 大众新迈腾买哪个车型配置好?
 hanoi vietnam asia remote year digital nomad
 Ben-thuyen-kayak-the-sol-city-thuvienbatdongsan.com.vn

==

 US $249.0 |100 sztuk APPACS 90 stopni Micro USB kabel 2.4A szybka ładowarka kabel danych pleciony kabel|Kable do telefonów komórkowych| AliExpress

---

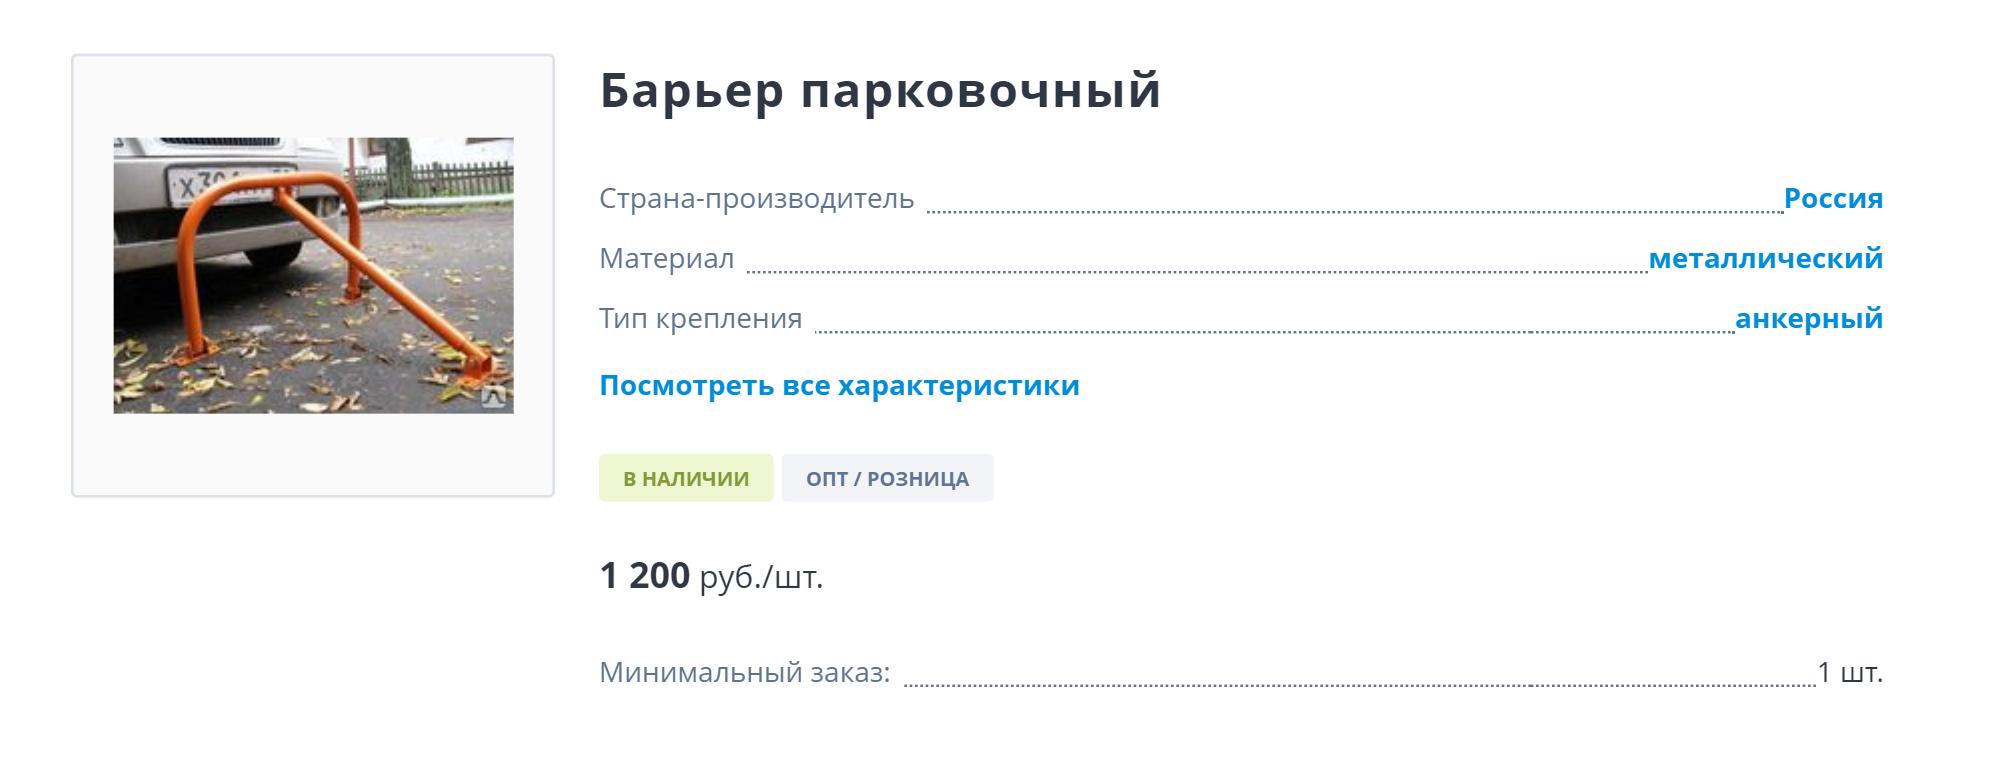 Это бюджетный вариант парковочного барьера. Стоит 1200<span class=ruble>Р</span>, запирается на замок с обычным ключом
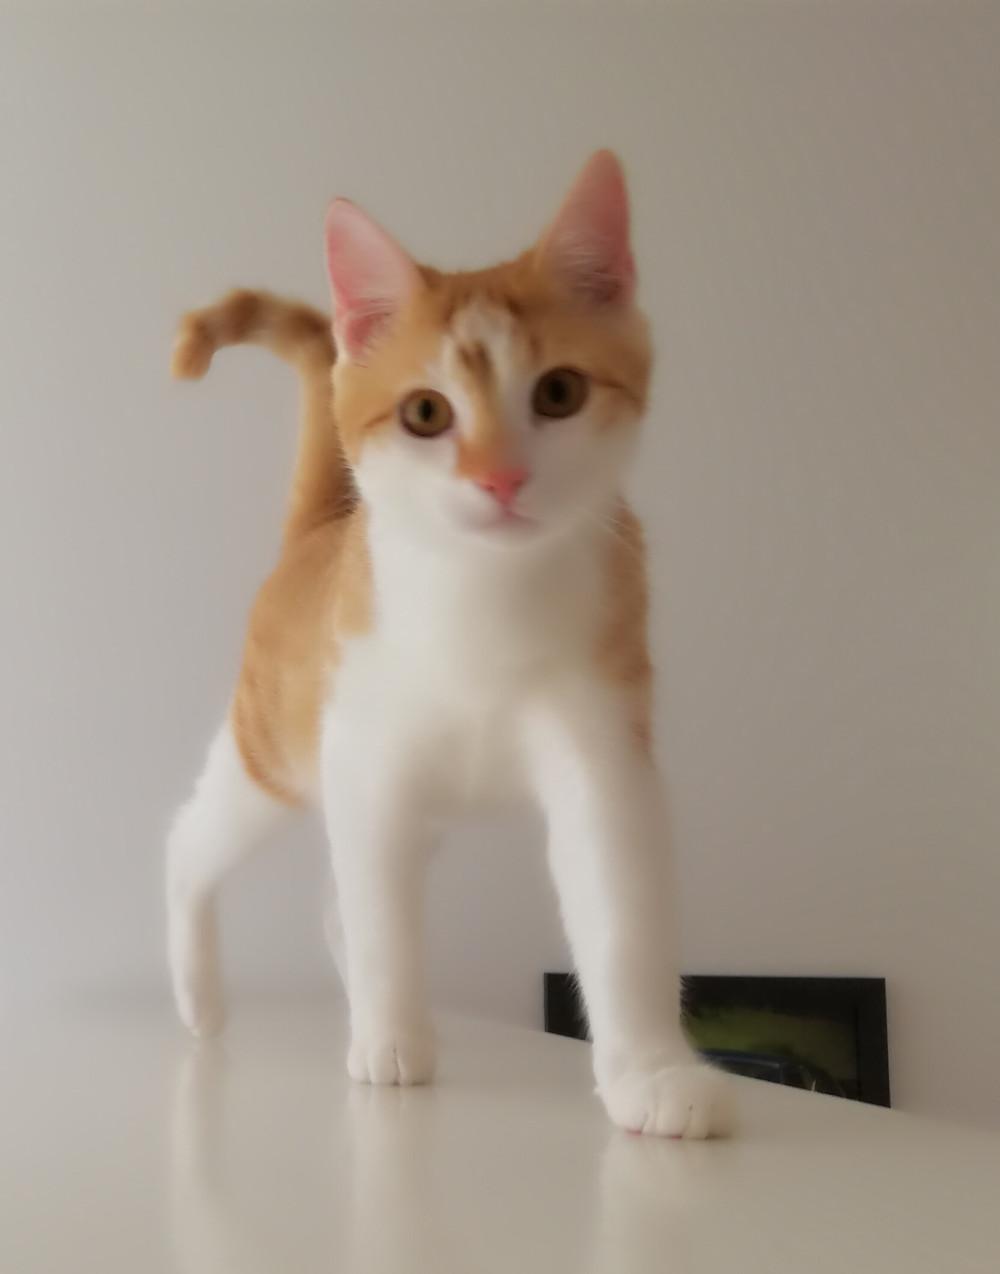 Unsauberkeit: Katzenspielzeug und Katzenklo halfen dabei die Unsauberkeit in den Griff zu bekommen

* Instructions for the task *
Copy out, word for word, the part of the entries above that begins at the line with "大众新迈腾买哪个车型配置好?" and ends at the line with "Ben-thuyen-kayak-the-sol-city-thuvienbatdongsan.com.vn", including both.

* Exercise output *
 大众新迈腾买哪个车型配置好?
 hanoi vietnam asia remote year digital nomad
 Ben-thuyen-kayak-the-sol-city-thuvienbatdongsan.com.vn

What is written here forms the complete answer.